次の瞬間、私の脳裏に人生の哲理とでも言おうか、無限の論理が次々と精巧に精密に構築されていったのです。一瞬の気づきが原稿にしたら五百枚(二万字)にも及ぶと思われる。論理が整然と秩序だって形成されたのです。

その膨大な理論の中核をなす二つの気づき。

一つは生まれてから今まで犯した無量の罪の全受容であり、一つは生まれてから今までの無数の体験――いわば全生涯の全受容である。罪は己が命の栄養であり、体験は自分史を刻む時間と空間である。罪を観じ、体験を感じて、この二つを全許容した時、初めてほんとうの自分が判り、宇宙と自分との一体感が判ったのである。

(中略)

今回の体験で、身体的に得たものは根強く残っていた左腸の不快感と右背部のしかり感が、完全にとれたことと、老眼鏡のいらない目になったことです。

(中略)

昭和五十一年八月、吉本伊信先生のもとで内観をさせていただいてから、断続的な日常内観と集中内観七回、内観を知ってから九年目でようやく内観の入口をくぐって、今、内観三昧への糸口がはっきり見えたという実感がします。

今、胸がときめいています。
一九八五年五月二十日午前五時
瞑想の森にて記 柳田鶴声55才

『愛の心理療法 内観』 柳田鶴声 いなほ書房 P117-119

最後に

私は、著者が内観中に得た上記の突然の気づきの箇所(全文はもっと長い)を、しばらく繰り返し読んでみたい。そこに到達する時間は大変長く、途方もない修練が必要だが、至った境地が、言葉で大変上手く記されている。

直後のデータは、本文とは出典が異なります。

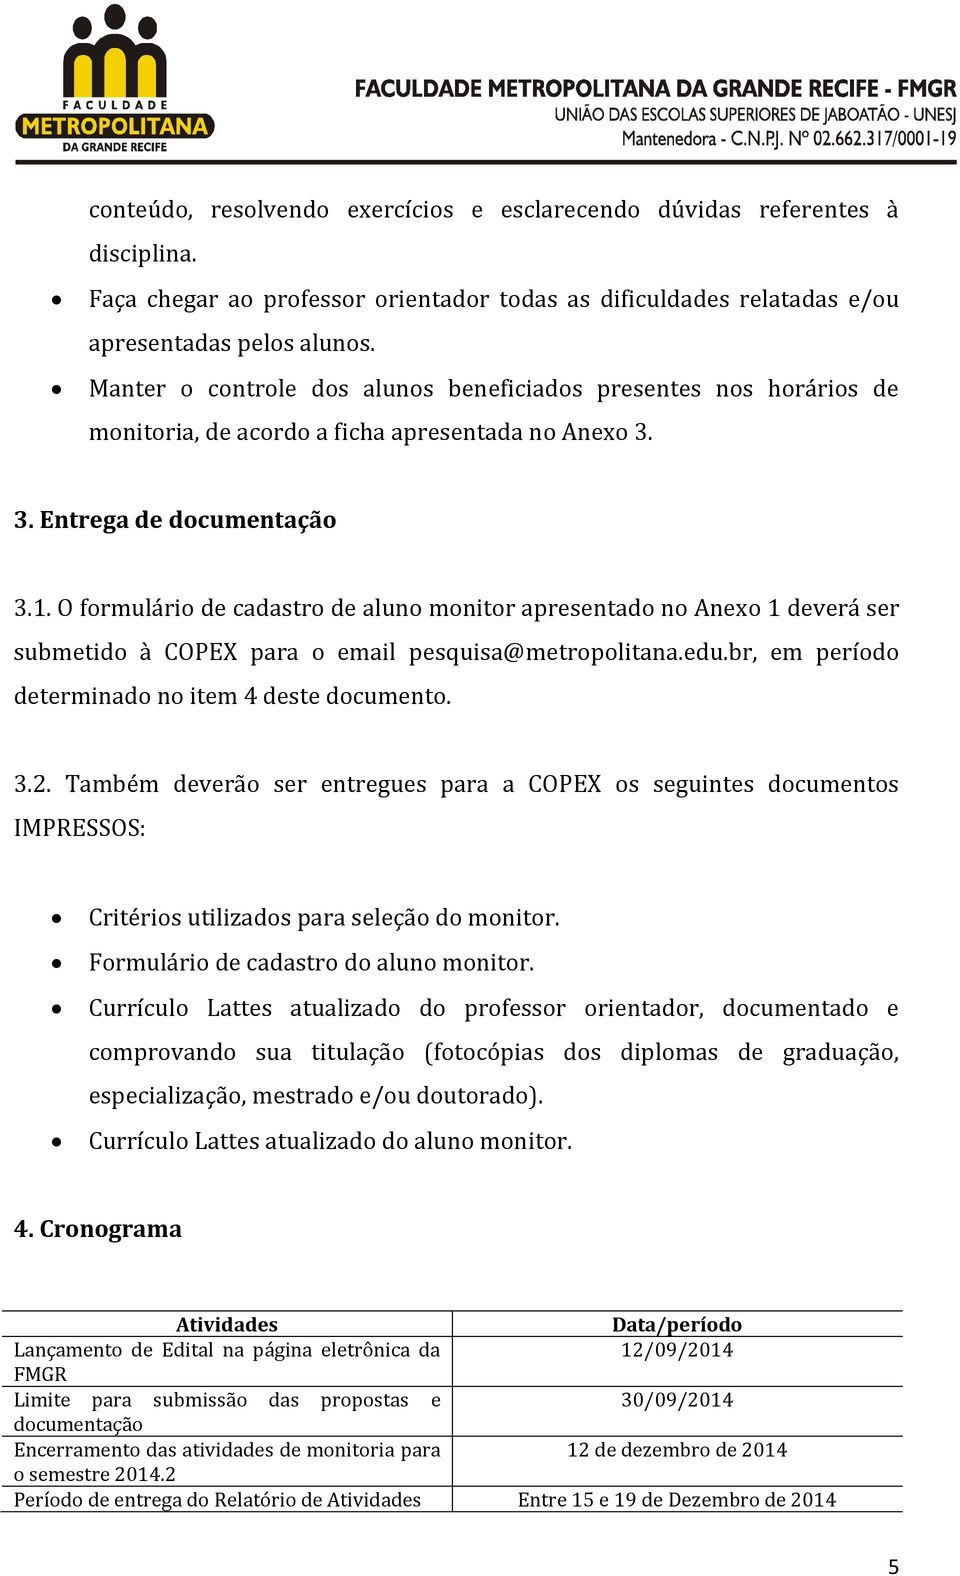 O formulário de cadastro de aluno monitor apresentado no Anexo 1 deverá ser submetido à COPEX para o email pesquisa@metropolitana.edu.br, em período determinado no item 4 deste documento. 3.2.

我々はどうしても、過去の黒歴史を封印したり、過去の自分を否定して変わろうとしたり、ポジティブシンキングに走ったり、しがちであるが、それだと「安心立命」の境地に至ることはないであろう。

「安心立命」とは、天命を知って心を安らかにし、物事に動じないことであるから、人生における究極の境地である。私も、人生の最後にはその境地を味わって死にたい。